By default, Parquet files generated by QuestDB are uncompressed. One of the key advantages of Parquet over QuestDB’s native format is its built-in compression.

You can configure compression in server.conf with:

# zstd
cairo.partition.encoder.parquet.compression.codec=6
# level is from 1 to 22, 1 is fastest
cairo.partition.encoder.parquet.compression.level=10

You can override these defaults when exporting via COPY.

Export queries as files​

warning

Exporting as files is right now available on a development branch: https://github.com/questdb/questdb/pull/6008. If you want to test this feature, you need to clone and compile the branch.

The code is functional, but it is just lacking fuzzy tests and documentation. We should be able to include this in a release soon enough, but for exporting it is safe to just checkout the development branch, compile, and start QuestDB pointing to the target jar.

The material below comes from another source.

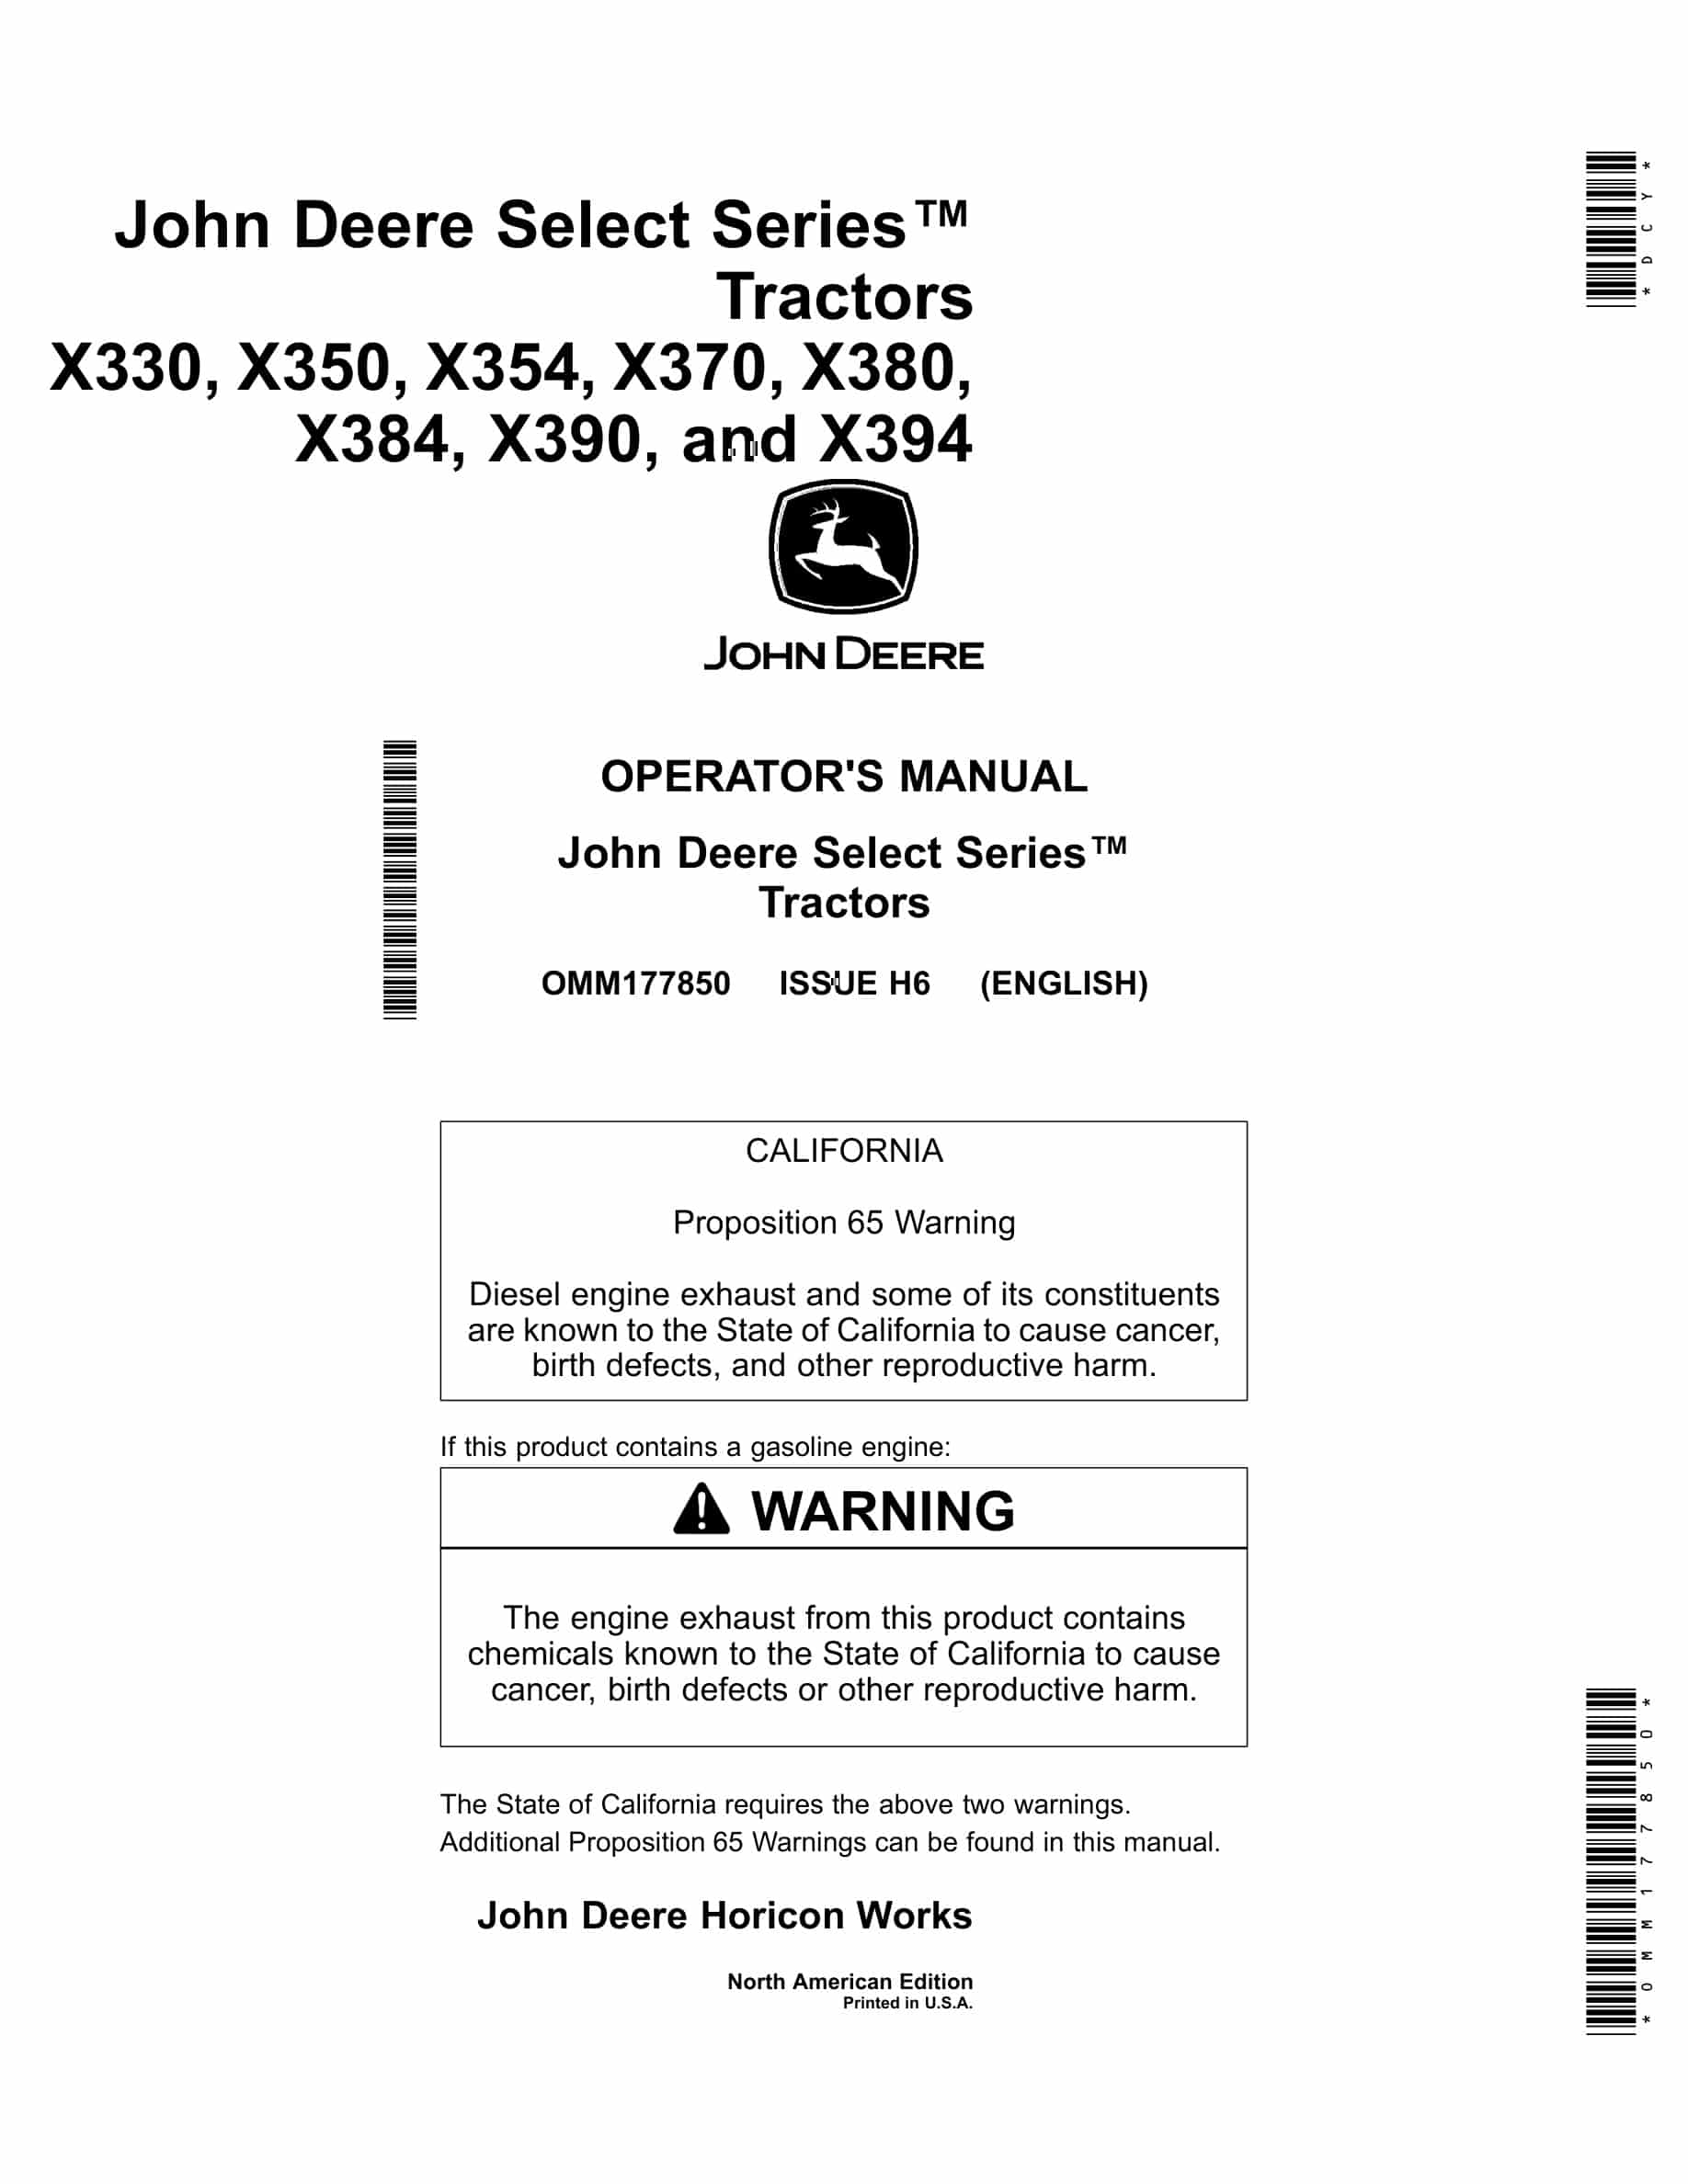 John Deere X330, X350, X354, X370, X380, X384, X390, and X394 Tractor Operator Manual OMM177850-1

To export a query as a file, you can use either the /exp REST API endpoint or the COPY command.

Export query as file via REST​

You can use the same parameters as when doing a CSV export, only passing parquet as the fmt parameter value.

 curl  -G \
--data-urlencode "query=select * from market_data limit 3;" \
'http://localhost:9000/exp?fmt=parquet' > ~/tmp/exp.parquet

By default the Parquet file will not be compressed, but it can be controlled with the server.conf variables above.

note

Exporting via REST API is a synchronous process. For larger queries you might prefer to use the COPY method below

Once exported, you can just use it from anywhere, including DuckDB, Pandas, or Polars. If you wanted to point DuckDB to the example file exported in the previous example, you could start DuckDB and execute:

    select * from read_parquet('~/tmp/exp.parquet');

Export query as files via COPY​

If you prefer to export data via SQL, or if you want to export asynchronously, you can use the COPY command from the web console, from any pgwire-compliant client, or using the exec endpoint of the REST API.

You can export a query:

    COPY (select * from market_data limit 3) TO 'market_data_parquet_table' WITH FORMAT PARQUET;

Or you can export a whole table:

    COPY market_data TO 'market_data_parquet_table' WITH FORMAT PARQUET;

The output files (one per partition) will be under $QUESTDB_ROOT_FOLDER/export/$TO_TABLE_NAME/.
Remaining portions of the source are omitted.